No, unified memory usually means the CPU and GPU (and miscellaneous things like the NPU) all use the same physical pool of RAM and moving data between them is essentially zero-cost. That's in contrast to the usual PC setup where the CPU has its own pool of RAM, which is unified with the iGPU if it has one, but the discrete GPU has its own independent pool of VRAM and moving data between the two pools is a relatively slow operation.
An RTX4090 or H100 has memory extremely close to the processor but I don't think you would call it unified memory.
I don't quite understand one of the finer points of this, under caffeinated :) - if GPU memory is extremely close to the CPU memory, what sort of memory would not be extremely close to the CPU?

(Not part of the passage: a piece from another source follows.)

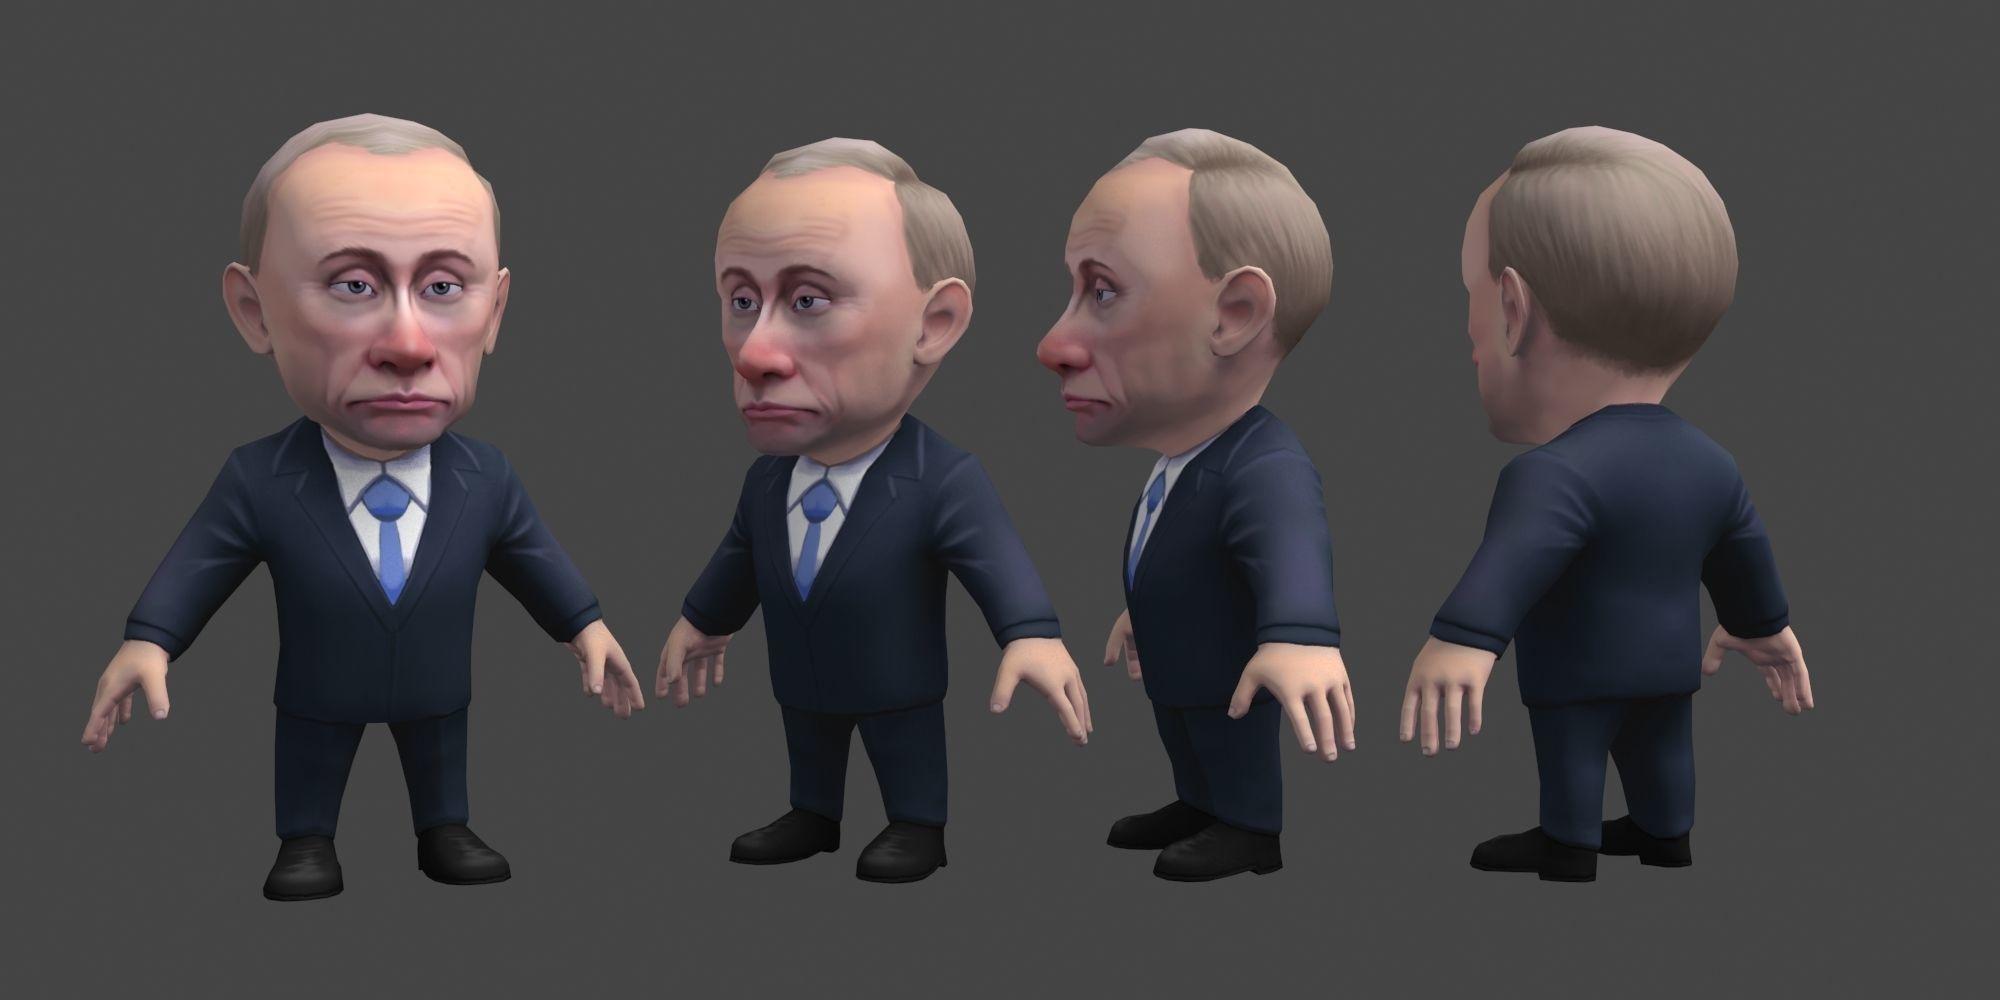 Chibii politicians - Putin - ver1

I think you misunderstood what I meant by "processor", the memory on a discrete GPU is very close to the GPUs processor die, but very far away from the CPU. The GPU may be able to read and write its own memory at 1TB/sec but the CPU trying to read or write that same memory will be limited by the PCIe bus, which is glacially slow by comparison, usually somewhere around 16-32GB/sec.
A huge part of optimizing code for discrete GPUs is making sure that data is streamed into GPU memory before the GPU actually needs it, because pushing or pulling data over PCIe on-demand decimates performance.
> CPU trying to read or write that same memory will be limited by the PCIe bus, which is glacially slow by comparison, usually somewhere around 16-32GB/sec.
If you’re forking out for H100’s you’ll usually be putting them on a bus with much higher throughput, 200GB/s or more.
An RTX4090 or H100 has memory extremely close to the processor but I don't think you would call it unified memory.